Nicht wegschauen!

Verladehafen. Während Einwände gegen die Verladestelle im Reeser Eyland bagatellisiert werden, verschließen Politiker die Augen vor dem, was man sehen könnte: Eine Verladeanlage, welche in weiten Teilen ungenehmigt betrieben wird, was beim Ottonormalverbraucher zu einer empfindlichen Geldbuße in einem Ordnungswidrigkeitsverfahren und zu Strafanzeigen geführt hätte. Die Stadt will nun die Weichen für eine unbegrenzte Verladegenehmigung stellen. Nebenbei soll die schon weit überschrittene Verlademenge verdoppelt werden.

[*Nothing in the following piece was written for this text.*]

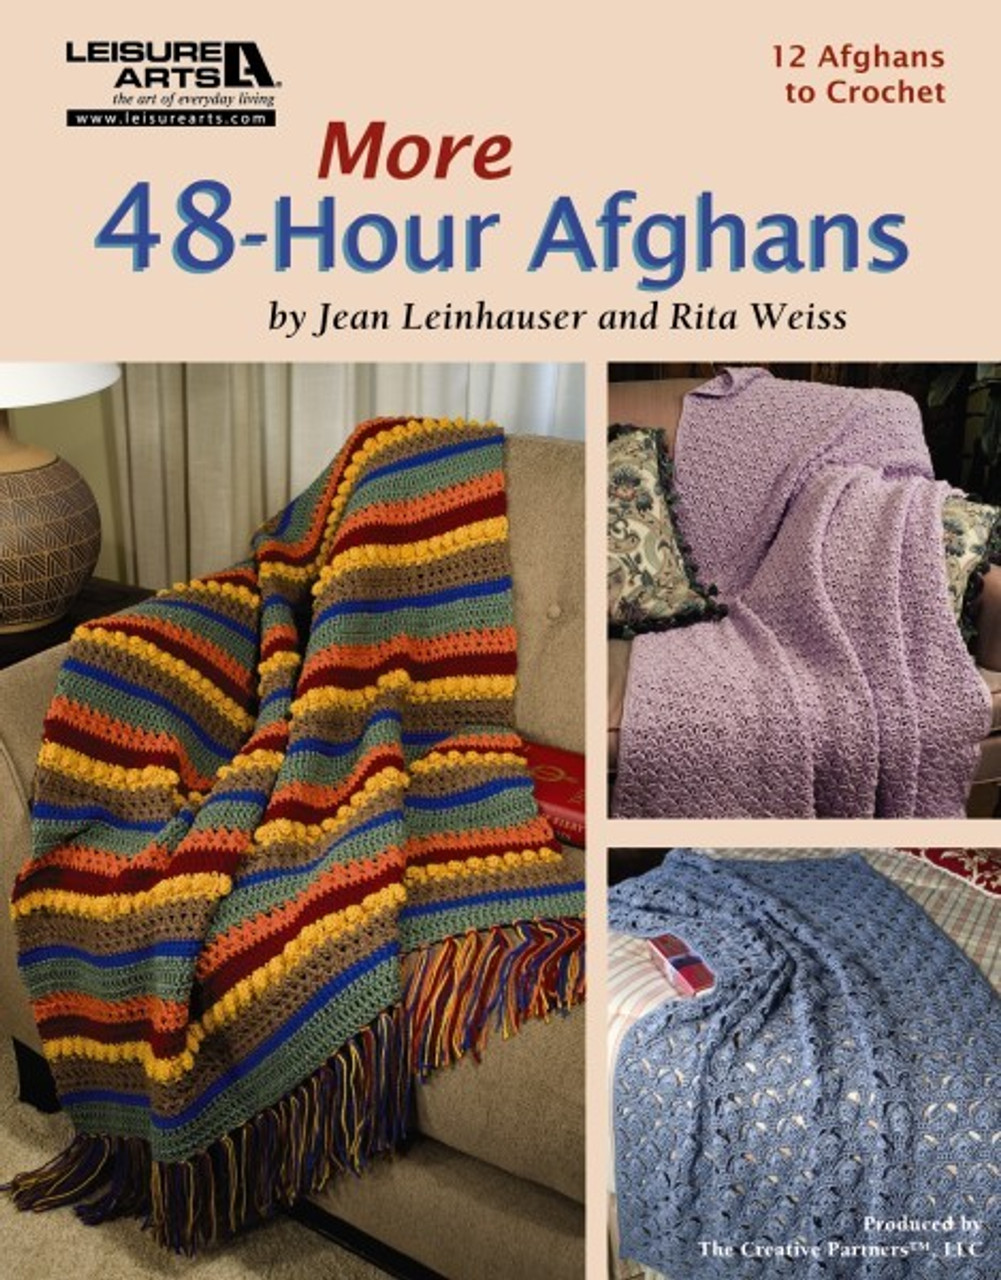 Leisure ARTS-More 48-Hour Afghans

Beleidigende Äußerungen, wie die Bezirksregierung als „Öko-Schickeria“ zu bezeichnen, sind ebenso unsachlich, wie die Arbeitsplätze bei ForFarmers immer höher zu puschen. Das Unternehmen gab vor nicht langer Zeit an, am Anlagenstandort in Haffen 43 Mitarbeiter zu beschäftigen. Seltsame Vermehrung, wenn die Zahl seitens der CDU nun auf 123 gesteigert wird. So lenkt man den Blick ab. Während das Unternehmen schon anderen Ortes verlädt, wird der Weseler Hafen als nicht realisierbar bezeichnet. Reduktion Profit? Beim Werk in Haffen handelt es sich nicht mehr um eine kleine Futtermühle, denn 60% gehören einem milliardenschweren Großkonzern. Es geht also nicht mehr um normale Dimensionen des landwirtschaftlichen Verkehrs. Jede Menge Schwerlastverkehr rollt durch Haffen und wird sich vervielfachen. Schlechter Stil, die Belastung der Haffener Familien mit der Betuwebelastung abzutun, oder man habe auch in allen Teilen der Stadt sein Kreuz zu tragen. Man stellt ein weiteres Kreuz auf! Es gilt jetzt mit dazu beizutragen, Lebensräume für Bürger, insbes. Kinder zu schützen und diese nicht durch Großindustrie sowie wegschauende Mitmenschen in unserer Stadt vernichten zu lassen.